Perhaps unsurprisingly, this has led to calls for an enquiry into how this seemingly "near-impossible" outcome could have arisen.

However, a basic understanding of probability and human psychology helps explain why this outcome isn't as implausible as you might think.

How the lottery works

Each person to purchase a lottery ticket picks six numbers between 1 and 55. The winning jackpot sequence is drawn at random. A ticket wins the jackpot if the six numbers on it are the same as the six numbers drawn.

Each ticket therefore has:

•     a six in 55 chance of getting the first number drawn, multiplied by

•     a five in 54 chance of getting the second, multiplied by

•     a four in 53 chance of getting the third, multiplied by

•     a three in 52 chance of getting the fourth. multiplied by

•     a two in 51 chance of getting the fifth, multiplied by

•     a one in 50 chance of getting the last.

Together, this means any given ticket has a 1 in 28,989,675 chance of winning the jackpot. So how is it possible for 433 tickets to have done this?

What are the chances?

Without knowing how many tickets were actually sold, we can't know the exact probability of getting 433 winning tickets.
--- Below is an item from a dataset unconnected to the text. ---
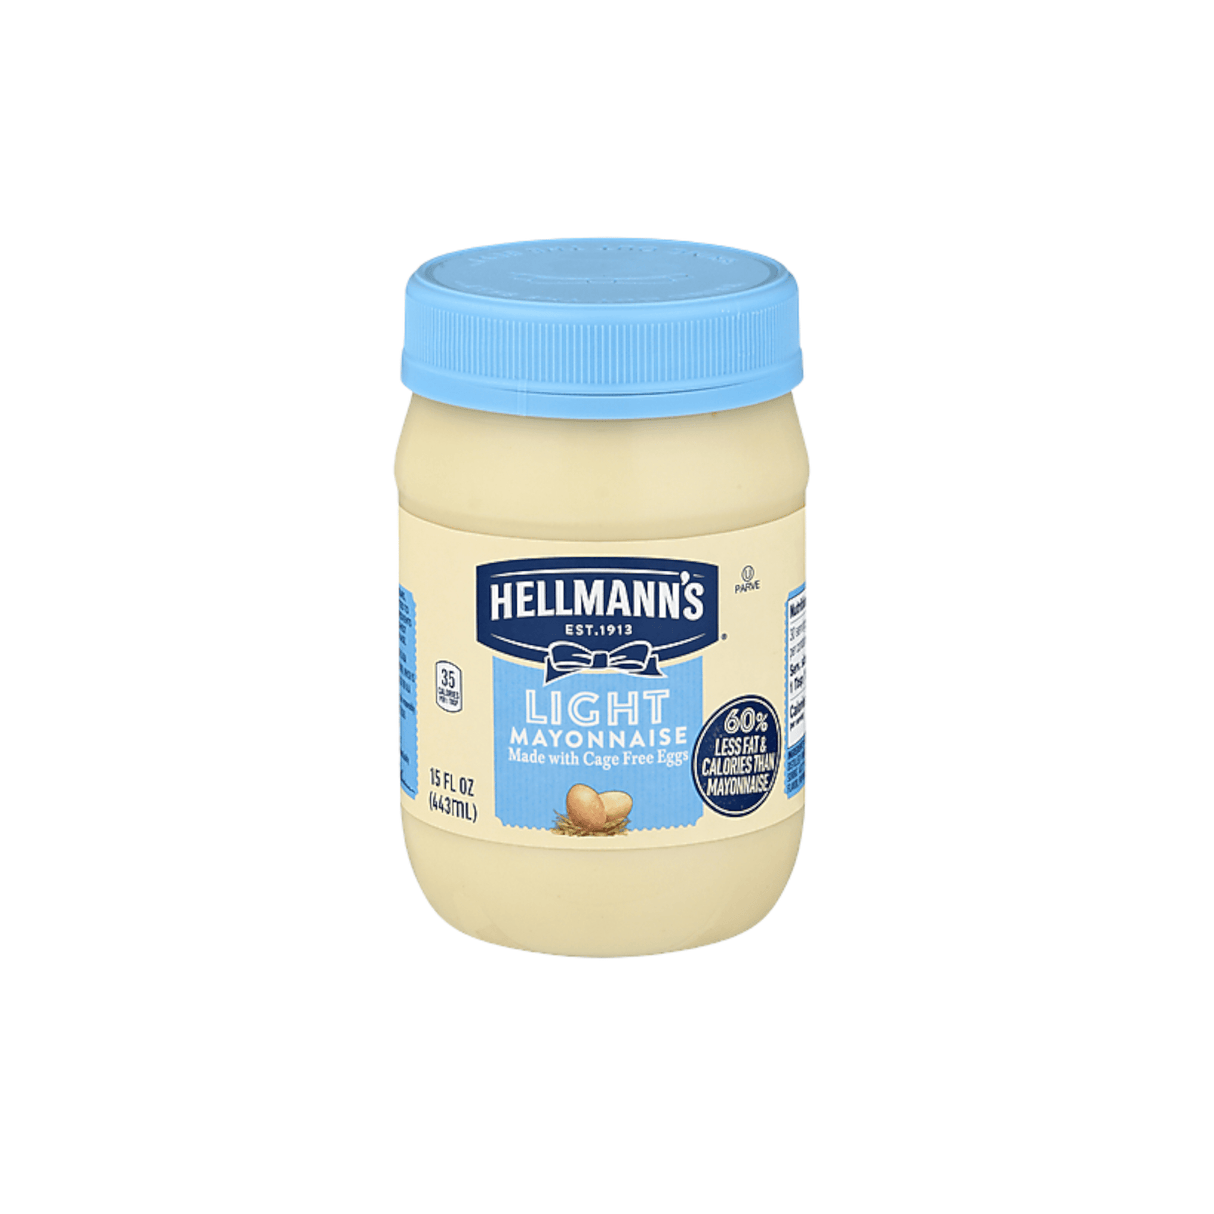 Hellmann's Light Mayonnaise 60% Less Fat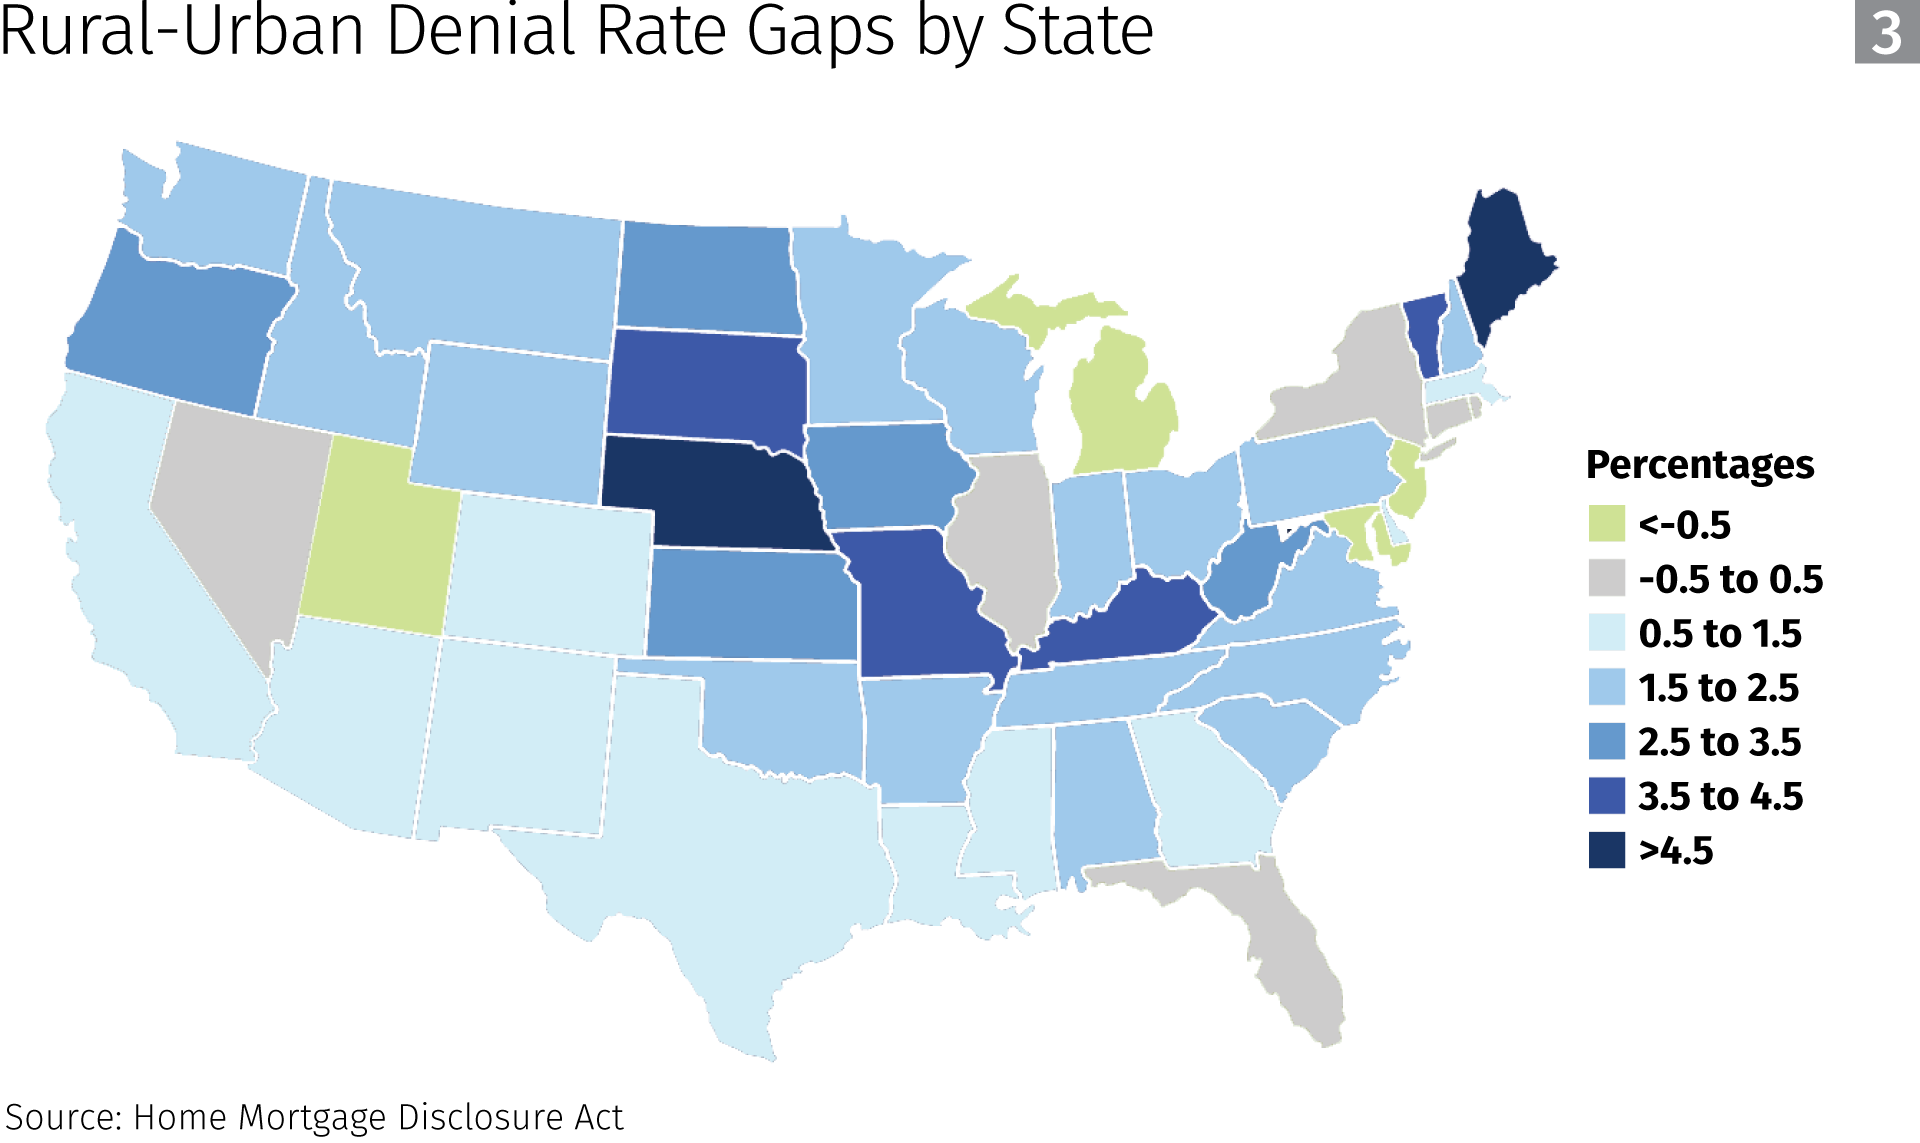 Rural urban denial rate gaps by state

One widely circulated estimate this week assumed there were around 10 million ticket sales, and claimed the chances were as little as "one out of one followed by 1,224 zeros" – a truly absurd number. This is smaller than the chances of flipping a typical coin 2,800 times in a row and seeing tails every time.

However, this estimate ignores substantial empirical evidence about human behavior and psychology. It naively assumes each person purchasing a ticket has an equal chance of selecting each of the 28,989,675 possible number combinations.

Across the world, it has been clearly observed that some combinations are vastly more popular than others.

This is why some experts often advocate using a random number generator when cashing a ticket. While it won't increase your chance of matching the winning values, it may reduce your chance of having to share any winnings with multiple other gamblers if you do.

More psychology than probability

A closer look at the winning numbers - 9, 18, 27, 36, 45 and 54 - may give some clue as to a possible explanation. Those of you who paid attention when learning your nine times table will recognize a clear pattern in the apparently randomly drawn numbers.

It's likely this pattern is what has appealed to people, and why more people will have chosen this particular sequence of numbers. Rather than providing a smoking gun to suggest impropriety, this pattern may indeed explain the high number of winning tickets.

A similarly unusual spike of winners was observed in the United Kingdom in 2018, when five of the six numbers were multiples of seven. In 2020, a streak of consecutive numbers (5, 6, 7, 8, 9, 10) produced multiple jackpot winners in South Africa.

Also, you have to remember that the winning sequence is the Philippines lotto is no less likely to be drawn than any other sequence of numbers. The chances of 9, 18, 27, 36, 45 and 54 being drawn are exactly the same as, say, 1, 18, 19, 28, 30 and 46.

Yet many people would (wrongly) perceive the latter sequence to be more likely to occur at random.

In general, humans have been shown to be surprisingly poor judges of what a string of truly random numbers would look like. In fact, they have even been outsmarted at simple probabilistic pattern-matching by the humble pigeon.

In one study, participants were more than twice as likely to select an odd number than an even number when asked to think of a random number, suggesting that some numbers may "feel" more random than others, despite the obvious absurdity of this.

Could foul play be involved?

The fact that 433 winning tickets were sold is far from convincing evidence of any wrongdoing. It would be interesting to know how many people bought this same pattern of numbers in previous weeks, or which other combinations also attract several hundred ticket sales.

Based on anecdotal evidence from other lotteries, this number may not at all be unusual.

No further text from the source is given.